What's more, Wigle is now releasing two new products: a line of bitters and a "Spirit Distilled From Honey" called Landlocked.
"Through the gin process, we fell in love with working with botanicals, and bitters are the ultimate expression of botanicals," says Wigle's Meredith Grelli.
She says that bitters were a natural progression in Wigle's product development, since the pungent, almost medicinal, flavor is used to add a finishing touch to cocktails.
"We want to have a full line of products that consumers can use to make an all-Wigle cocktail. Bitters will help us get there," she says.
It's taken a little while longer than expected to get the bitters to market, because the booze-maker had to jump through a series of "non-potable" licensing hoops. But developing Landlocked, its honey spirit, was a more straightforward process. Meredith Grelli and her husband, distiller Alex, are both avid beekeepers and they wanted to make a spirit that would celebrate the region's buckwheat-loving bees.

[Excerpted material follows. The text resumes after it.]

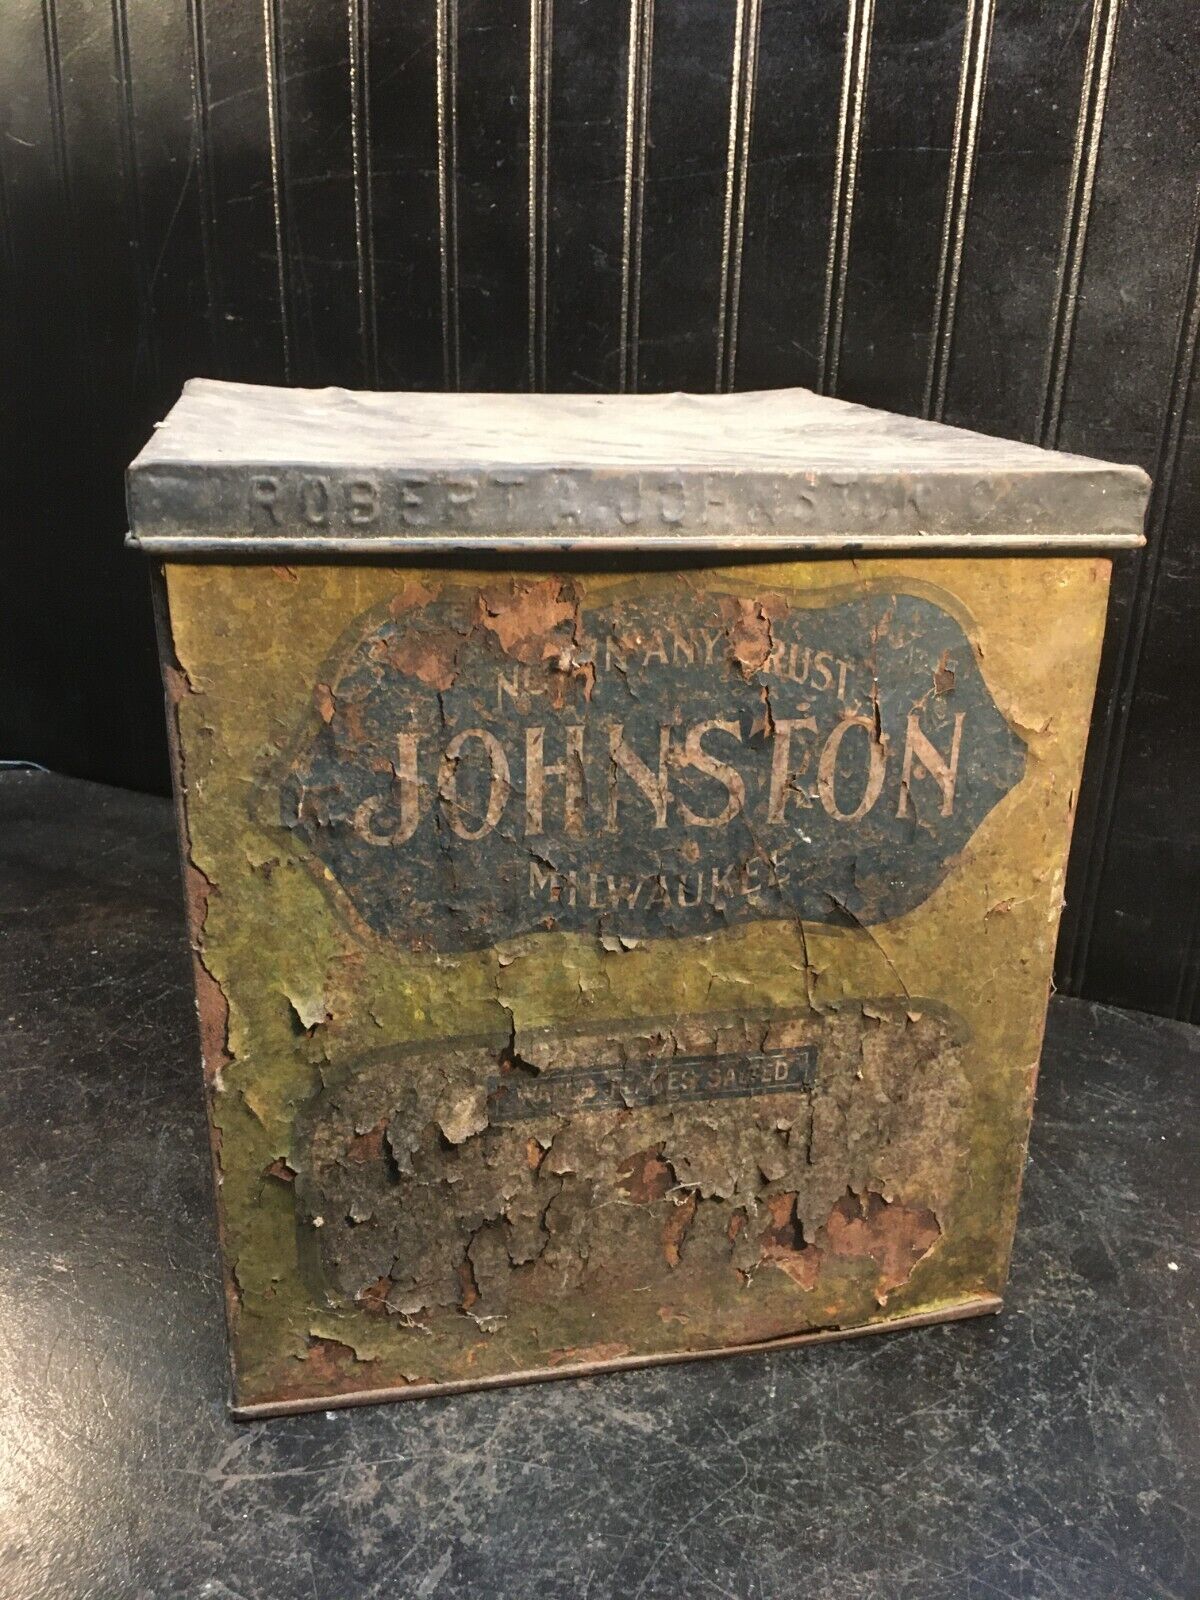 VTG Biscuits Tin ROBERT A JOHNSTON CO Biscuits Milwaukee WISC. Corn Flake Box

There are two basic expressions of Landlocked: straight honey, and spiced with coco nibs, orange peels, vanilla and cinnamon. Un-aged versions of the spirit will be released on Oct 11; barrel-aged products are due sometime in the spring.
With so much development happening so quickly, it's natural to wonder if the company is spreading itself too thin.
Grelli is unfazed by this question. "We will always be a whiskey company, first and foremost," she says, adding that a product is never released until after going through taste tests and a lengthy development process.
So don't expect Wigle's curious minds to stop experimenting. As Grelli says, "Innovation is what keeps us fascinated."